Sunday, May 06, 2007

Ola Podrida--Ola Podrida (2007)

Artist-Ola Podrida
Album-Ola Podrida
Release Date-April 24, 2007
Genre/Style-Alternative Singer/Songwriter Indie-Rock

Official Site-

Youtube online videos-

Review-The first release from David Wingo, who previously occupied himself by composing scores for David Gordon Green films, Ola Podrida (also the name of his solo project) is a pretty, Southern-inflected indie rock album, soft acoustic guitar arpeggios, various keyboard instruments, and brushed drums leading the way through its 11 tracks. Occasionally, like in "Lost and Found," Wingo picks up speed and adds some bass, but for the most part, things stay consistently calm, measured out carefully and with great attention to how they fit into the overall feel of the record.
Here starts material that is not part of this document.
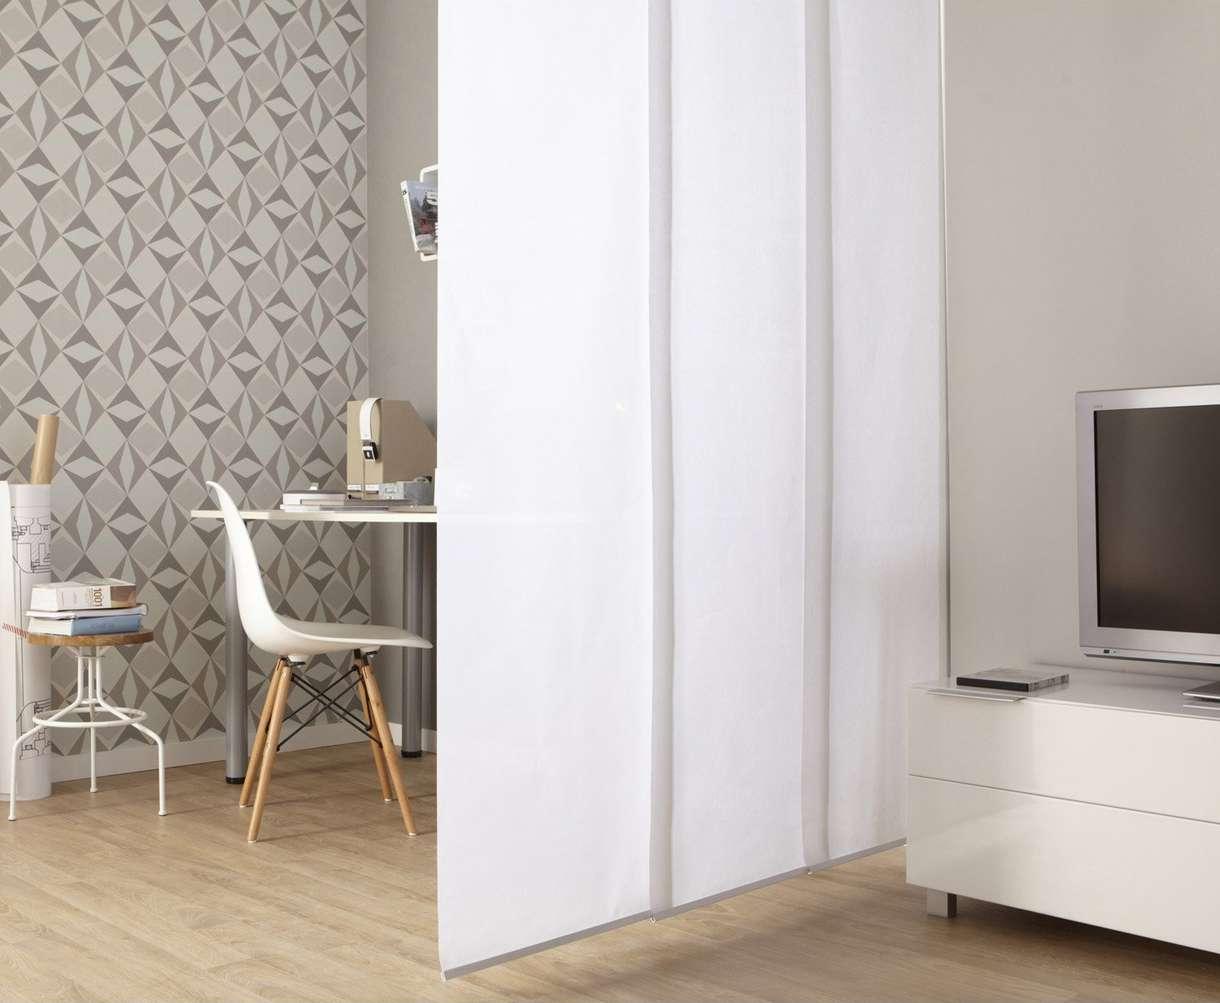 les cloisons pour d limiter un espace de travail chez soi black confetti. Black Bedroom Furniture Sets. Home Design Ideas

This, assuredly, must come from Wingo's film training, and with Ola Podrida he's able to write both the soundtrack and the script to a sweet, thoughtful movie, filmed in grainy colors with handheld cameras and plenty of shots of the wide expanse of the land, the fields, the sweeping greens and browns and grays, and, depending exactly on the setting (because Wingo is more Neil Young than Kris Kristofferson), the pecan trees, the tobacco fields, the cattle ranches, the frost-covered prairie grasses. Cues are given — "a car crashed, everybody was OK" ("Lost and Found"), "She burned almost everything/Except for her wedding ring/She threw that in the sea" ("Cindy") — and scenes are played out — "We're out drinking at the bar, down each other's pants in the photo booth" ("Photo Booth") — love discovered and played out, with its problems and its benefits, nothing ever forgotten. Of course, there is no clean resolution, no credit-rolling ending when Ola Podrida sounds its final note, neither a clear break nor a promise to stay together. Instead, there's only sadness, longing, regret. "Something so frightening in this deep Western sky," Wingo murmurs in "Eastbound," his voice high and uncertain, over a picked banjo and strummed acoustic guitar, and, as the song comes to a conclusion, each instrument picking up in intensity, he sings, more strongly than he has before, "I'm not so stupid/I'm not such a fool/Do you think that I'll stop/Stop thinking of you?," a promise that things are not finished, that though screen is black, the music is done, the scene is not over.